### TASK DIRECTIONS
Reproduce the listing below from the line with "Clôture des JO" to the line with "لنا QWERTY جديد", both lines included, character for character, minus any pictures.

### RECORDS PROVIDED
━━━━━━━━━━

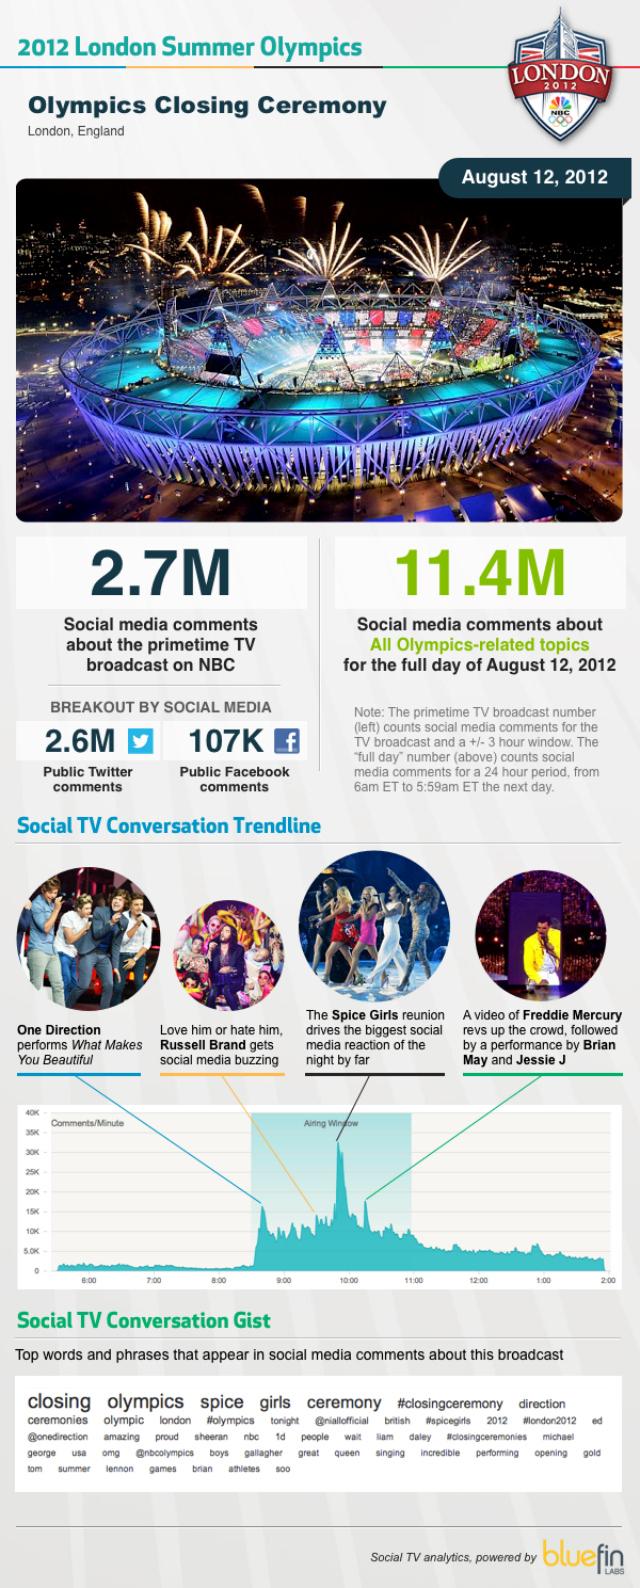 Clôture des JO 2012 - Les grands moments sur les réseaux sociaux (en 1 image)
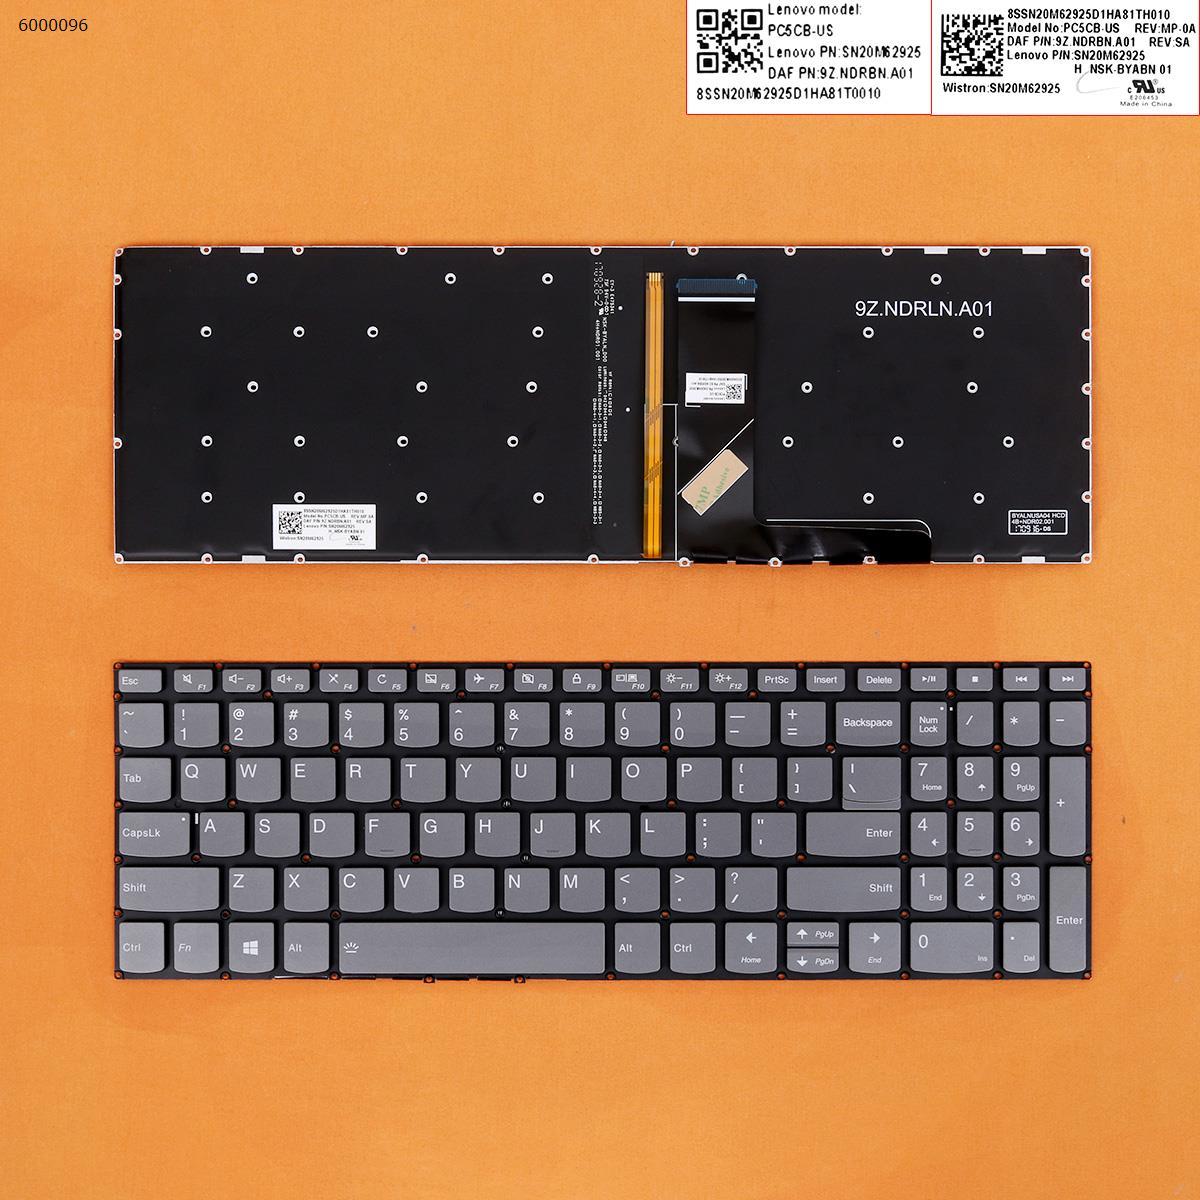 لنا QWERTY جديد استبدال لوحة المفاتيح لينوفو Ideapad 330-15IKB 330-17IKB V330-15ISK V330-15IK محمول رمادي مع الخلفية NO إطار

━━━━━━━━━━

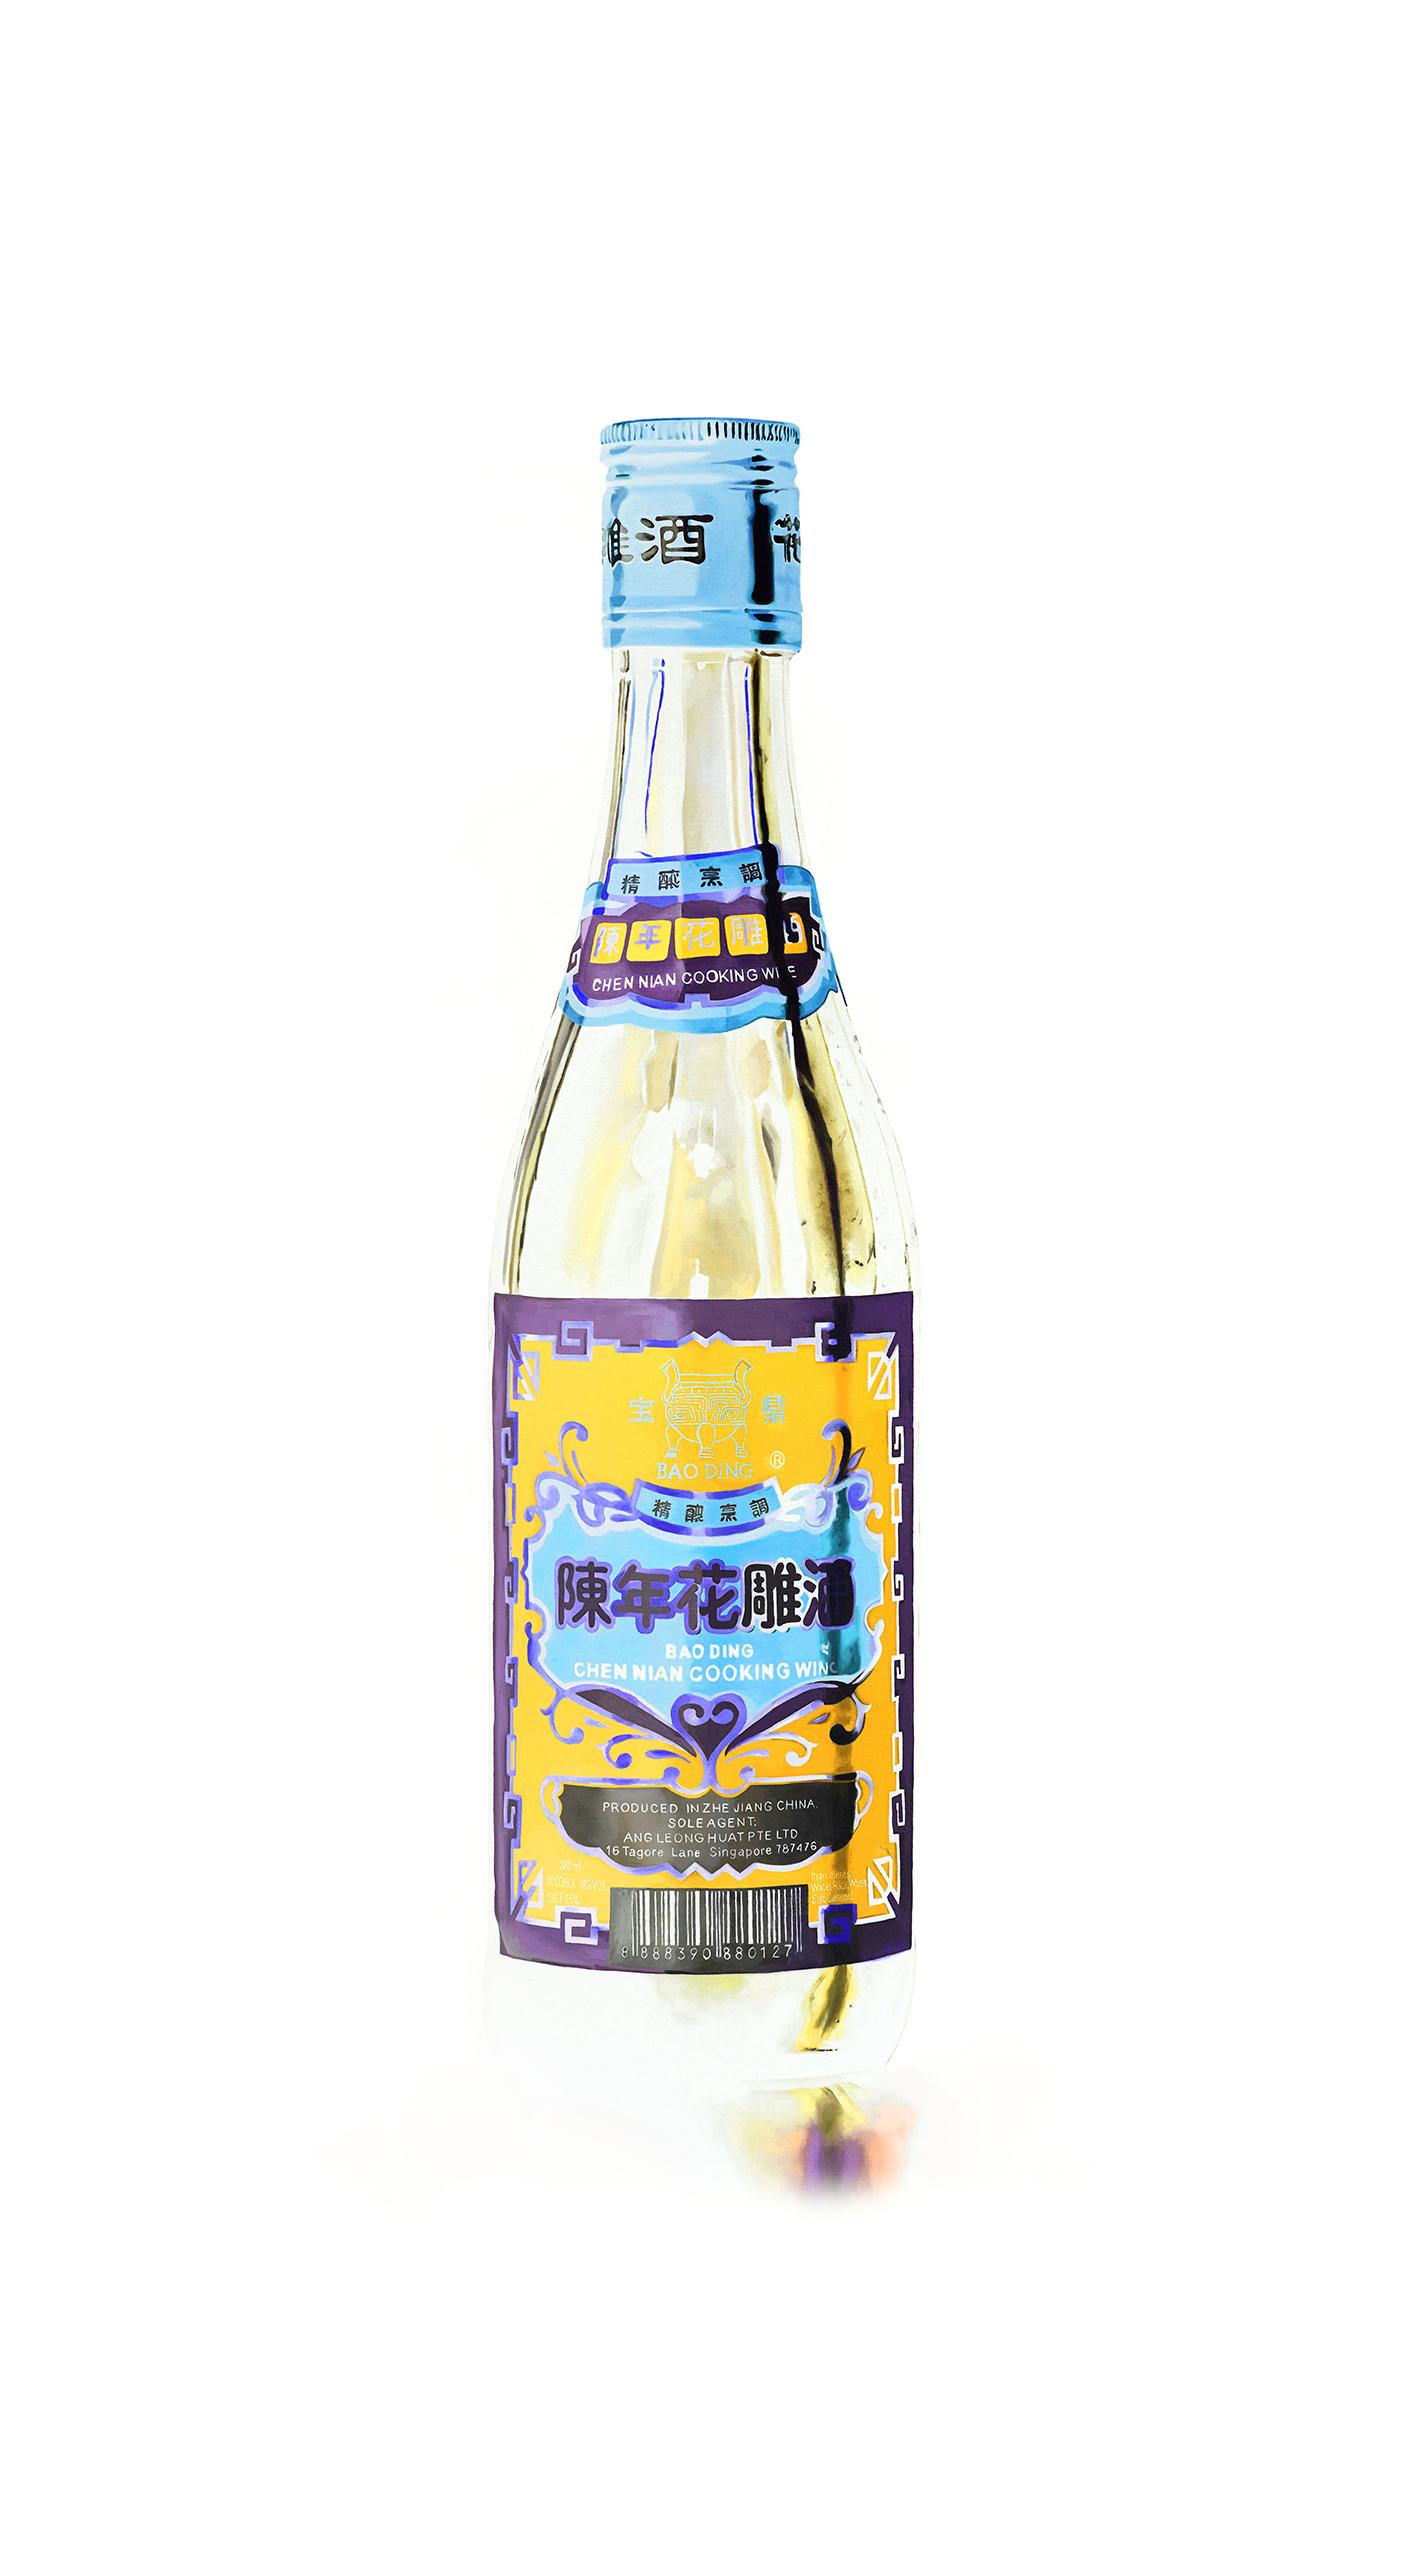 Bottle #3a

━━━━━━━━━━

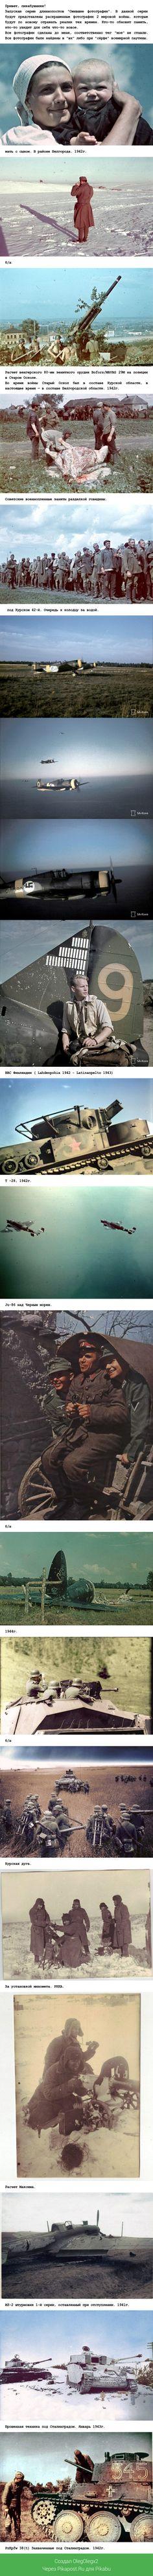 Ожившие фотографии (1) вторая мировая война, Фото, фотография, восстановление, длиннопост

━━━━━━━━━━

### RESPONSE TO THE EXERCISE
 Clôture des JO 2012 - Les grands moments sur les réseaux sociaux (en 1 image)
 لنا QWERTY جديد استبدال لوحة المفاتيح لينوفو Ideapad 330-15IKB 330-17IKB V330-15ISK V330-15IK محمول رمادي مع الخلفية NO إطار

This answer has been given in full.